The willingness of Britons to stand patiently in line, waiting for their turn, has come to define us as a nation. It could also be a habit that harms our productivity. Today, the sheer volume of data running through businesses is increasing at an exponential rate. Unfortunately, some organisations remain intent on making them stand in line before they can use it.

Too many seem happy to install a data scientist as a gatekeeper to their data. This ensures that large bottlenecks build up when access is required, reducing efficiency as a result. Isn’t it worth asking why some organisations seem more interested in forcing their employees to queue than allowing them to use this data in a meaningful sense?

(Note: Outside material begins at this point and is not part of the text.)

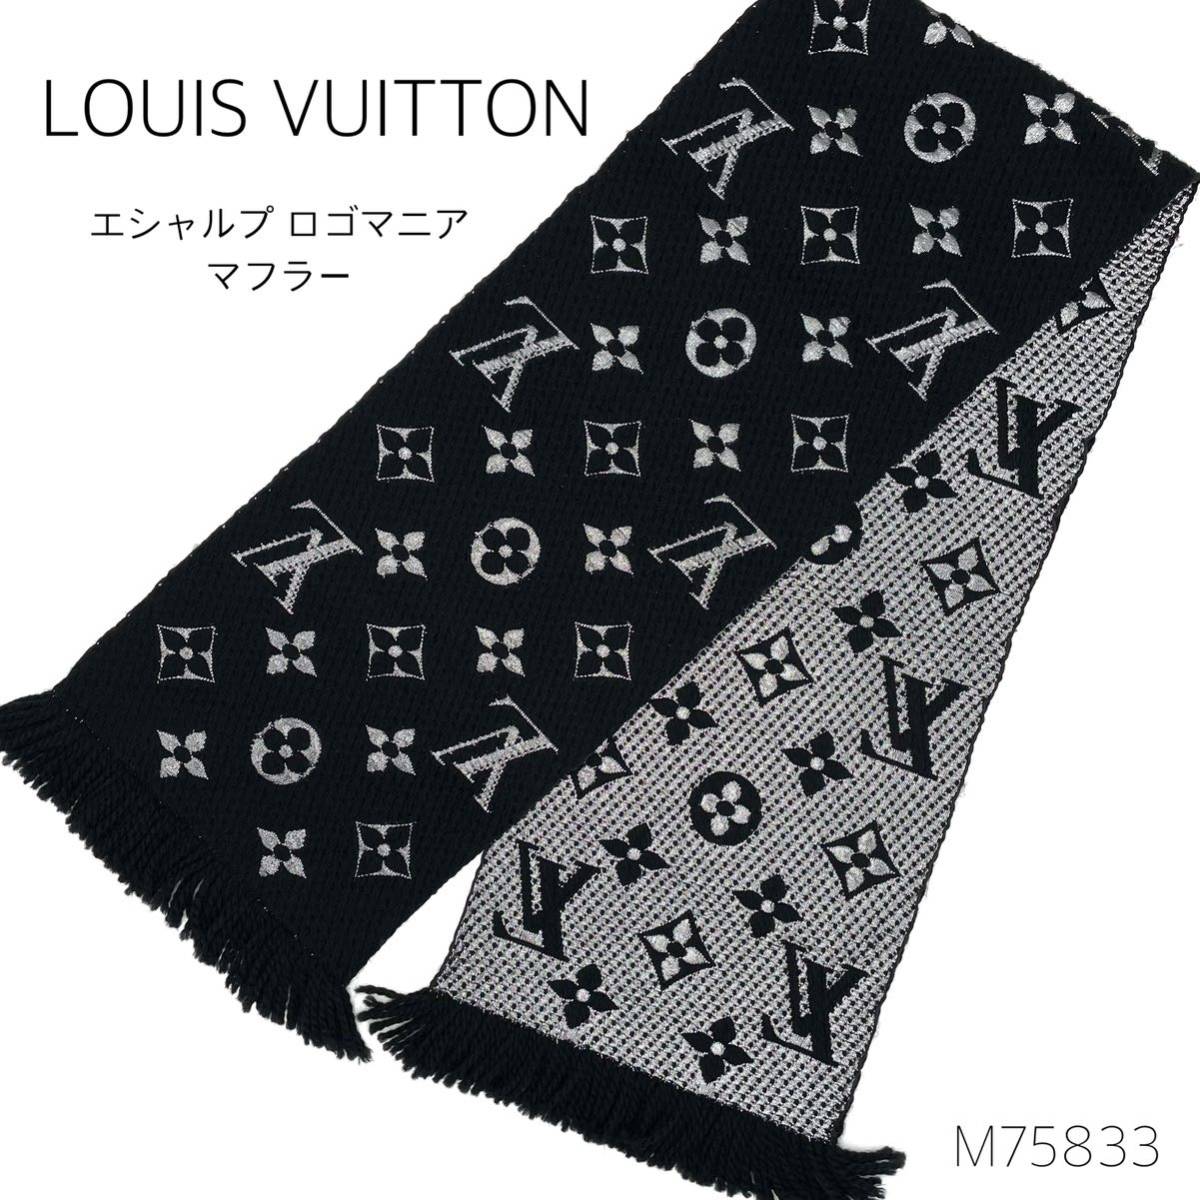 LOUIS VUITTON ルイヴィトン M75833 エシャルプ ロゴマニア フリンジ

The benefits of opening up access to data are clear. A recent Economist Intelligence Unit (EIU) study found that organisations which increase the access to data see an improvement in financial performance.

A recent letter from outgoing Groupon CEO Andrew Mason to staff at the struggling company cited ‘a lack of data’ which he admitted had overridden his intuition as to what was best for customers. Today there can be absolutely no excuse for a lack of data causing issues in any way, shape or form. For today’s businesses, the way they deal with data is as much a part of their every day role as it is picking up the phone or writing an email. It’s clear why those who fail to see data’s value can suffer financially as a result.

What businesses must realise is that, when given the appropriate tools, any employee, in any department, is capable of producing data-driven insights from any given data set. By abolishing the queue at the data scientist’s desk, freeing the data and opening it up to everyone through use of data analytic dashboards, organisations can harness the power of their own collective hive to increase performance. Indeed, allowing staff to explore and question their own data to create conversations, questions and insights could not only help to reduce these bottlenecks, but could even help them to change the way they operate forever.

This is not a suggestion that the role of the data scientist is now completely redundant. There’s still a need for data scientists to be able to delve deeper into data, just as long as it’s not at the expense of enabling staff to make their own amazing discoveries. As much as people in Britain enjoy observing proper behavioural etiquette by patiently queuing, and waiting their turn, isn’t it time we re-examined whether or not a queue at a data scientist’s desk is a help or a hindrance?